The reason for the existence of a firm is to be found in the division of labor […]. The firm becomes “the result of an increasing complexity of the division of labour… The growth of this economic differentiation creates the need for some integrating force without which differentiation would collapse into chaos; and it is as the integrating force in a differentiated economy that industrial forms are chiefly significant”” (p.398).

However, “this fact of uncertainty brings about the two most important characteristics of social organization. In the first place, goods are produced for a market, on the basis of entirely impersonal prediction of wants, not for the satisfaction of the wants of the producers themselves. The producer takes the responsibility of forecasting the consumers’ wants. In the second place, the work of forecasting and at the same time a large part of the technological direction and control of production are still further concentrated upon a very narrow class of the producers, and we meet with a new economic functionary, the entrepreneur …” (p.399-400).

As more transactions are organized by an entrepreneur, it would appear that the transactions would tend to be either different in kind or in different places. This furnishes an additional reason why efficiency will tend to decrease as the firm gets larger. Inventions which tend to bring factors of production nearer together, by lessening spatial distribution, tend to increase the size of the firm. Changes like the telephone and the telegraph which tend to reduce the cost of organizing spatially will tend to increase the size of the firm. All changes which improve managerial technique will tend to increase the size of the firm” (p.398).

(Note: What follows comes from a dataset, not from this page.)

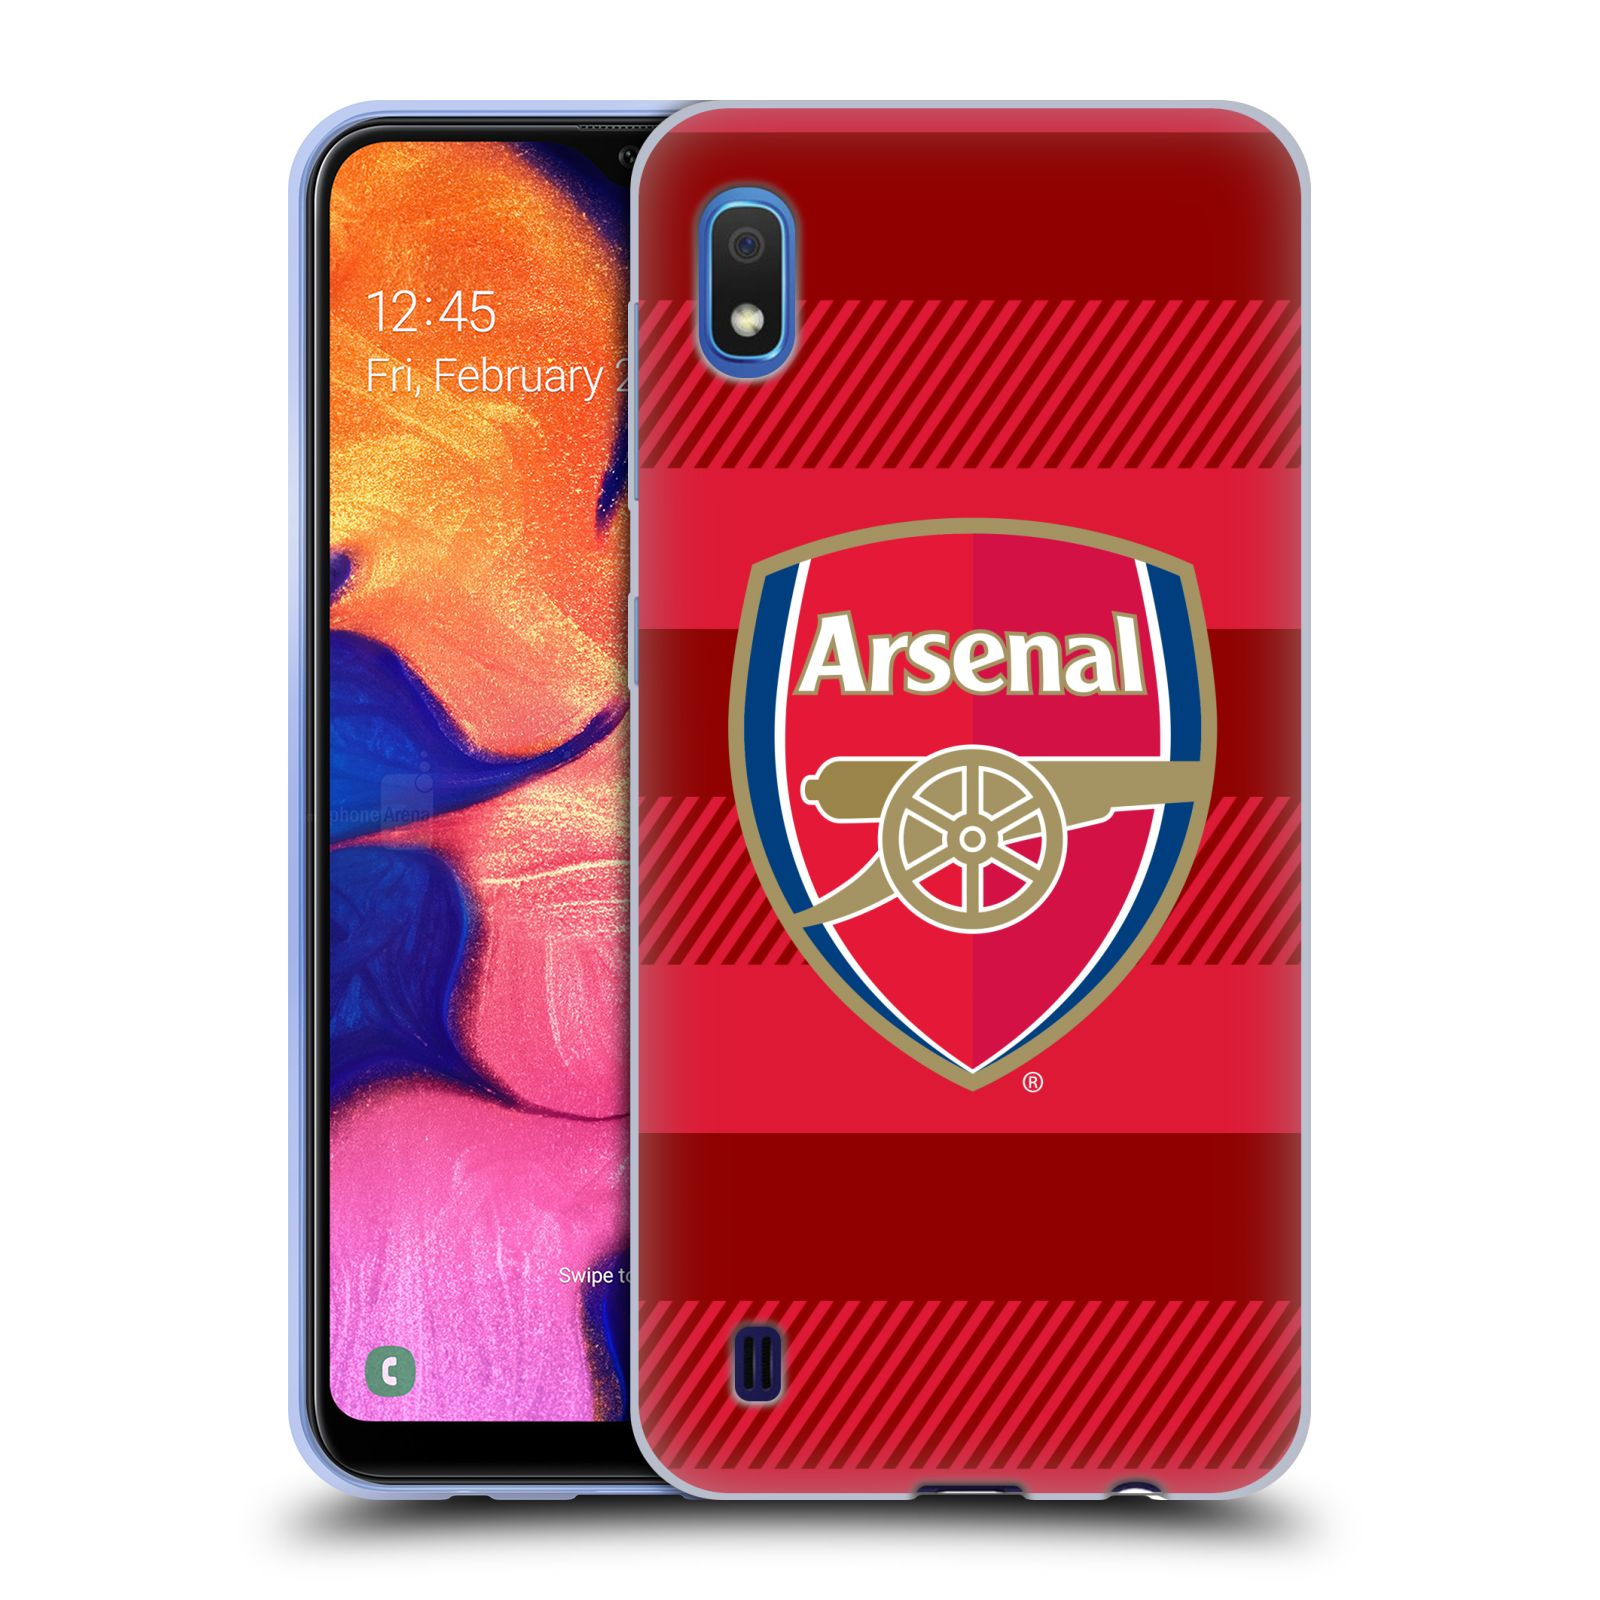 Silikonové pouzdro na mobil Samsung Galaxy A10 - Head Case - Arsenal FC - Logo s pruhy

IV – The cost-curve of the firm

It has sometimes been assumed that a firm is limited in size under perfect competition if its cost curve slopes upward, while under imperfect competition, it is limited in size because it will not pay to produce more than the output at which marginal cost is equal to marginal revenue. But it is clear that a firm may produce more than one product and, therefore, there appears to be no prima facie reason why this upward slope of the cost curve in the case of perfect competition or the fact that marginal cost will not always be below marginal revenue in the case of imperfect competition should limit the size of the firm” (p.401-402).

To determine the size of the firm, [Coase (1937) indicates that] we have to consider the marketing costs (that is, the costs of using the price mechanism), and the costs of organizing the different entrepreneurs and then we can determine how many products will be produced by each firm and how much of each it will produce” (p.403).

V – Fitness of the concept of a firm in with that existing in the real world

Finally, Coase (1937) explains “… the concept of a firm which has been developed fits in with that existing in the real world” “by considering the legal relationship normally called that of “master and servant” or “employer and employee”” (p.403).

“[His] …. definition of firm is realistic. Is it manageable? This ought to be clear; When we are considering how large a firm will be the principle of marginalism works smoothly” (p.404). “Management proper merely reacts to price changes, rearranging the factors of production under its control” (p.405).

VI – Dicussions

In conclusion, this paper of Coase (1937) provided a breakthrough on the significance of transaction costs and property rights for the institutional structure and functioning of the economy. It had an outsized impact on the field of microeconomics, particularly in essentially inventing the body of research that deals with the theory of the firm.

For this paper, in 1991, Coase was awarded the Sveriges Riksbank (Bank of Sweden) Prize in Economic Sciences in Memory of Alfred Nobel. And taken into March, 2019, this paper has been cited more than 40,000 times according to Google Scholar. It continues to inspire new areas of inquiry. For example, on its 80th anniversary, an homage was paid to it by extending its logic to the field of blockchains.